Let us have a look at various metrics like tp, tn, fp, fn, Precision, Recall, F1 score, TRP, FPR, AUC, Accuracy etc. to detemine which threshold should be used to make the decision on the prediction.

In [118]:
def all_metrics_dataframe(y_val,y_pred):
    thresholds = np.linspace(0,1,101)

    scores = []

    for t in thresholds:
        actual_positive = (y_val == 1)
        actual_negative = (y_val == 0)

        predicted_positive = (y_pred > t)
        predicted_negative = (y_pred <= t)
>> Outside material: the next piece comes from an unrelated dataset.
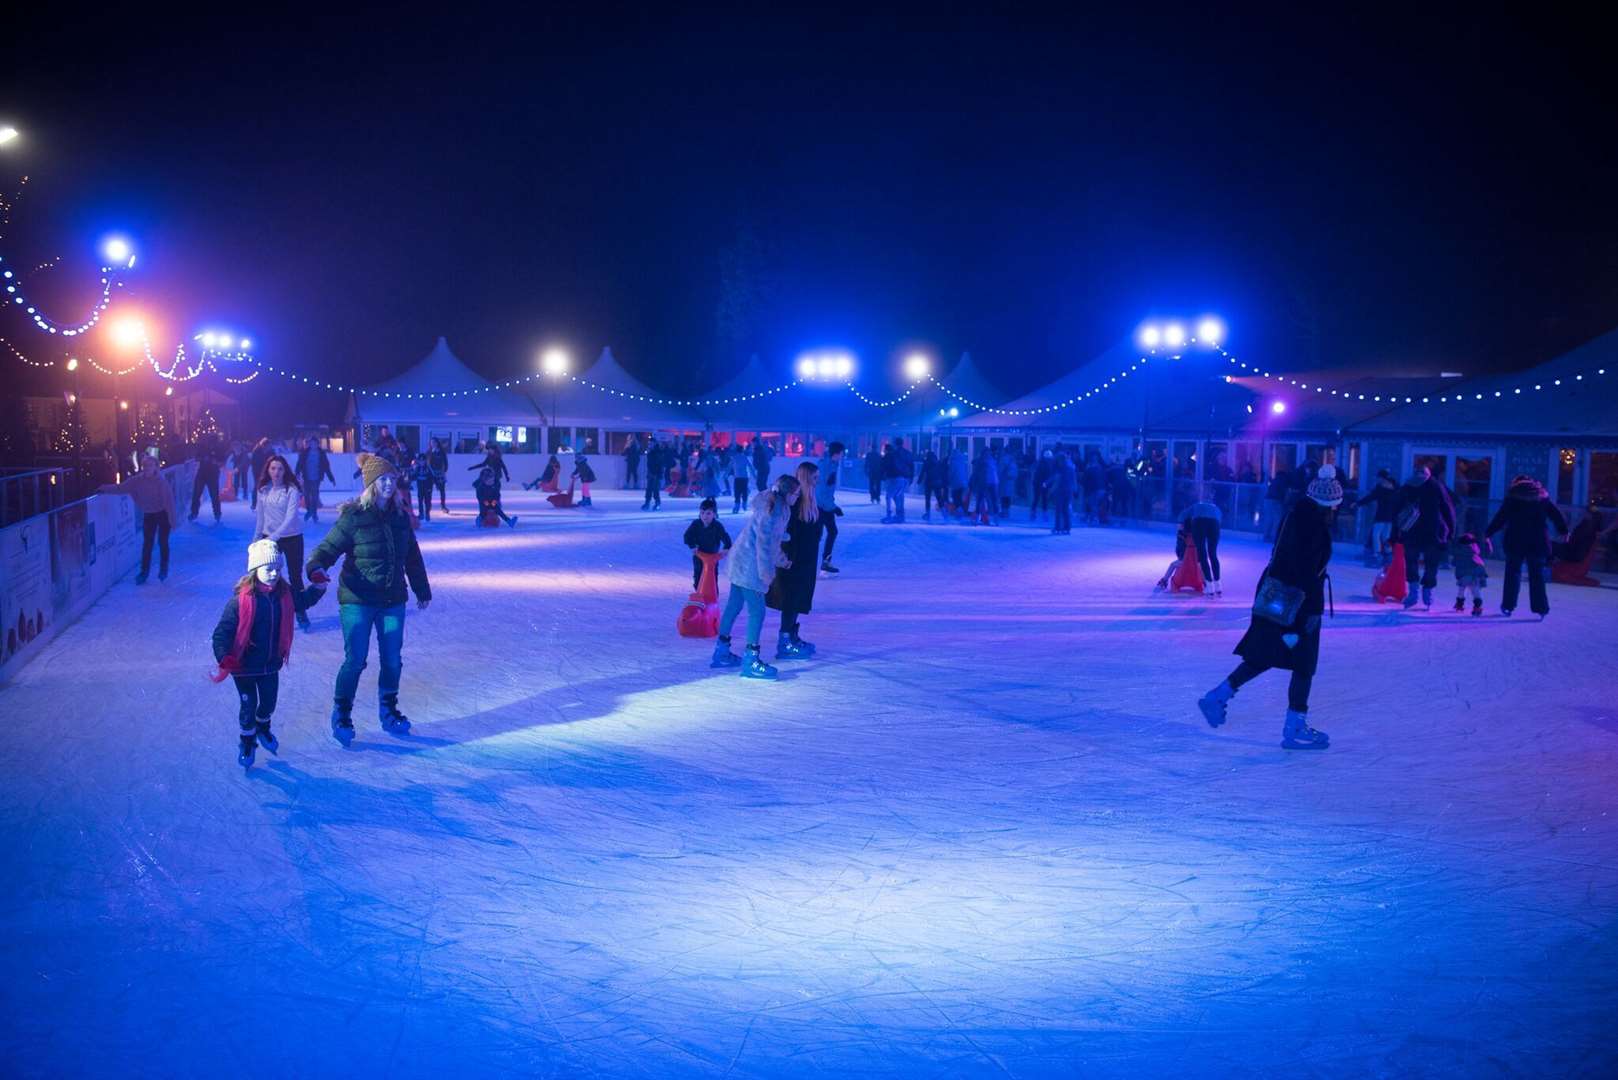 The ice rink at Tunbridge Wells faces an uncertain future after rising costs
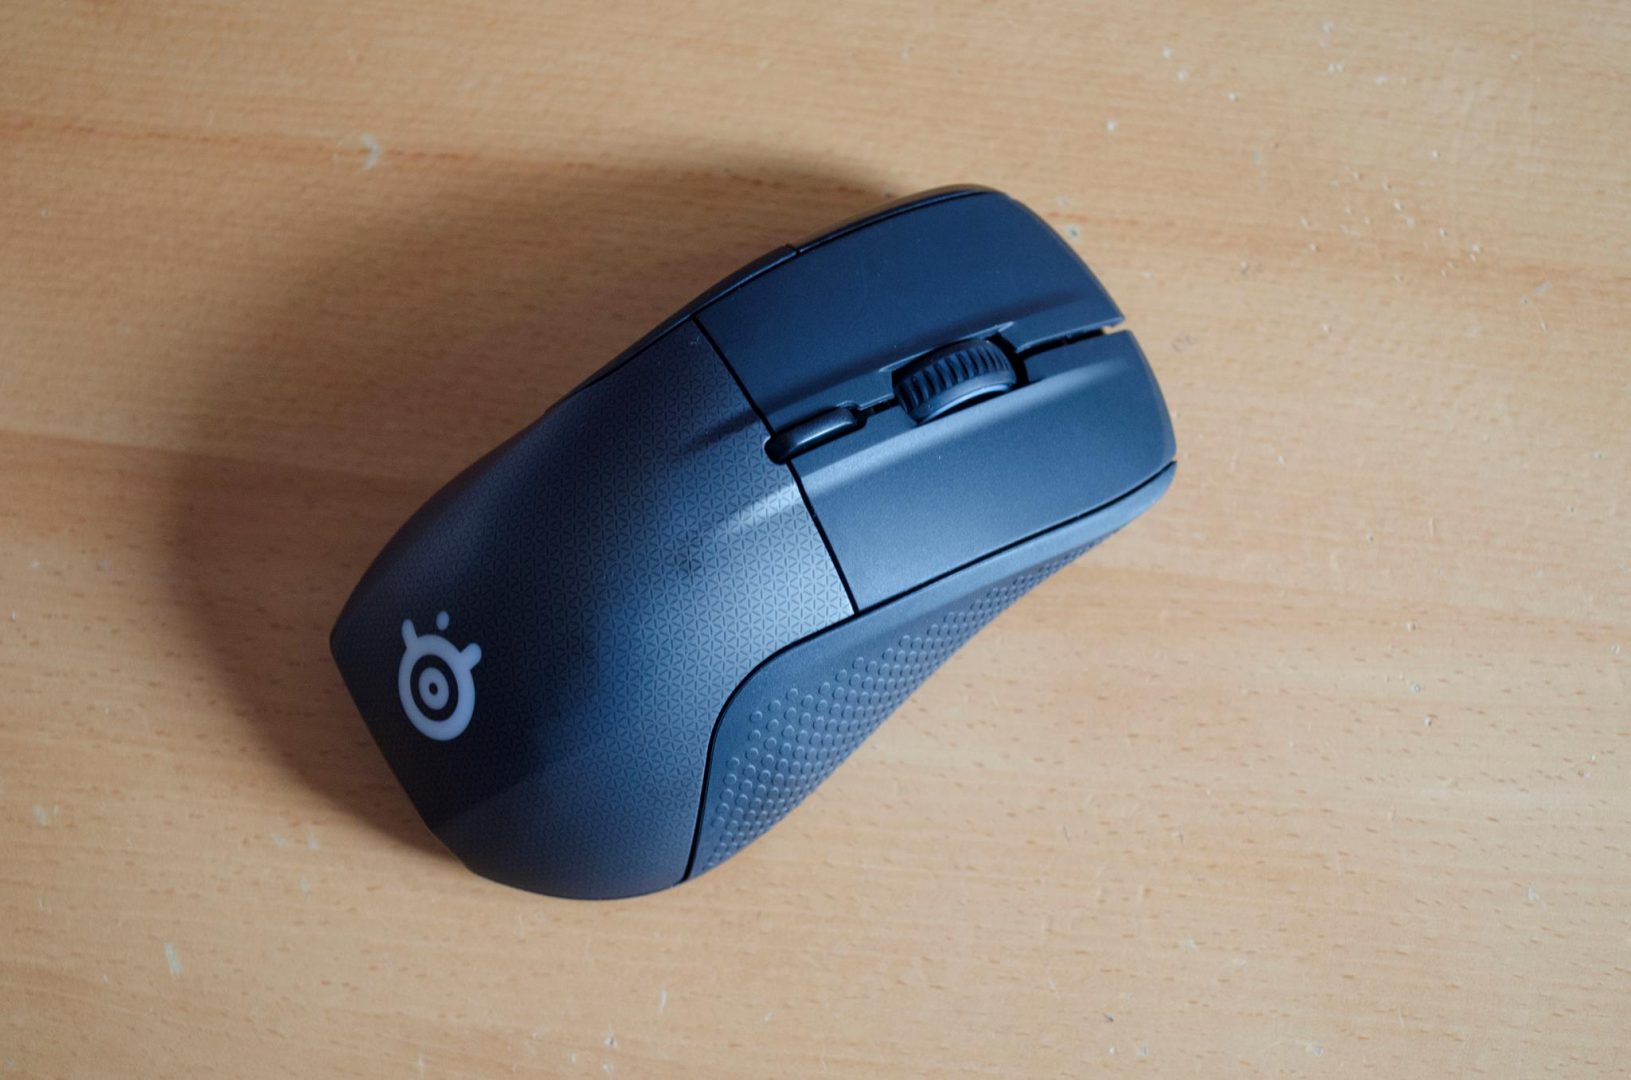 SteelSeries Rival 700 Gaming Mouse Review

        tp = (actual_positive & predicted_positive).sum()
        tn = (actual_negative & predicted_negative).sum()
        fp = (predicted_positive & actual_negative).sum()
        fn = (predicted_negative & actual_positive).sum()

        scores.append((t, tp, fp, fn, tn))

    columns = ['threshold','tp','fp','fn','tn']
    df_scores = pd.DataFrame(scores, columns=columns)
    
    #'precision', 'recall', 'f1', 'tpr', 'fpr', 'auc', 'accuracy'

    df_scores['precision'] = df_scores['tp'] / (df_scores['tp'] + df_scores['fp'])
    df_scores['recall'] = df_scores['tp'] / (df_scores['tp'] + df_scores['fn'])
    df_scores['f1'] = 2 * (df_scores['precision'] * df_scores['recall']) / (df_scores['precision'] + df_scores['recall'])
    df_scores['tpr'] = df_scores['tp'] / (df_scores['tp'] + df_scores['fn'])
    df_scores['fpr'] = df_scores['fp'] / (df_scores['fp'] + df_scores['tn'])
    df_scores['tnr'] = df_scores['tn'] / (df_scores['tn'] + df_scores['fp'])
    df_scores['fnr'] = df_scores['fn'] / (df_scores['fn'] + df_scores['tp'])
    df_scores['auc'] = auc(df_scores['fpr'], df_scores['tpr'])
    df_scores['accuracy'] = (df_scores['tp'] + df_scores['tn'])/(df_scores['tp'] + df_scores['fp'] + df_scores['tn'] + df_scores['fn'])
        
    return df_scores

In [119]:
df_all_scores = all_metrics_dataframe(y_val,y_pred)

In [128]:
df_all_scores[::2]

In [129]:
fig = px.line(df_all_scores, x="threshold", y=["auc","accuracy","f1","precision","recall"])
fig.show()

**Note:** Plotly graphs appear blank when viewing previously run notebook

**Observations:** In ideal scenario we would like our predictions to be always correct i.e. have fp and fn as 0. Practically it is not possible. We will see what threshold makes more sense to us to use for our predictions such that we have comparatively acceptable fp and fn.

In [130]:
fig = px.line(df_all_scores, x="threshold", y=["fp","fn"])
fig.show()

**Note:** Plotly graphs appear blank when viewing previously run notebook

**Observations:** 
* We can see that for threshold of 0, we have 0 fn but then we have 7260 fp (meaning we would be predicting that all customers will subscribe to Term deposit - which obviously is wrong). At the extreme right end where threshold is close to 1, we have 0 fp but 896 fn (meaning we would be predicting that none of the customers will be making Term deposit).
* At a threshold of 0.32 we see fp and fn crossing - where fp is around 440 and fn is around 487.

In [131]:
fig = px.line(df_all_scores, x="fpr", y="tpr")
fig.show()

Looking at the F1 scores and at what threshold is our F1 score the highest

In [132]:
def f1_dataframe(y_val,y_pred):
    thresholds = np.linspace(0,1,101)

    scores = []

    for t in thresholds:
        actual_positive = (y_val == 1)
        actual_negative = (y_val == 0)

        predicted_positive = (y_pred >= t)
        predicted_negative = (y_pred < t)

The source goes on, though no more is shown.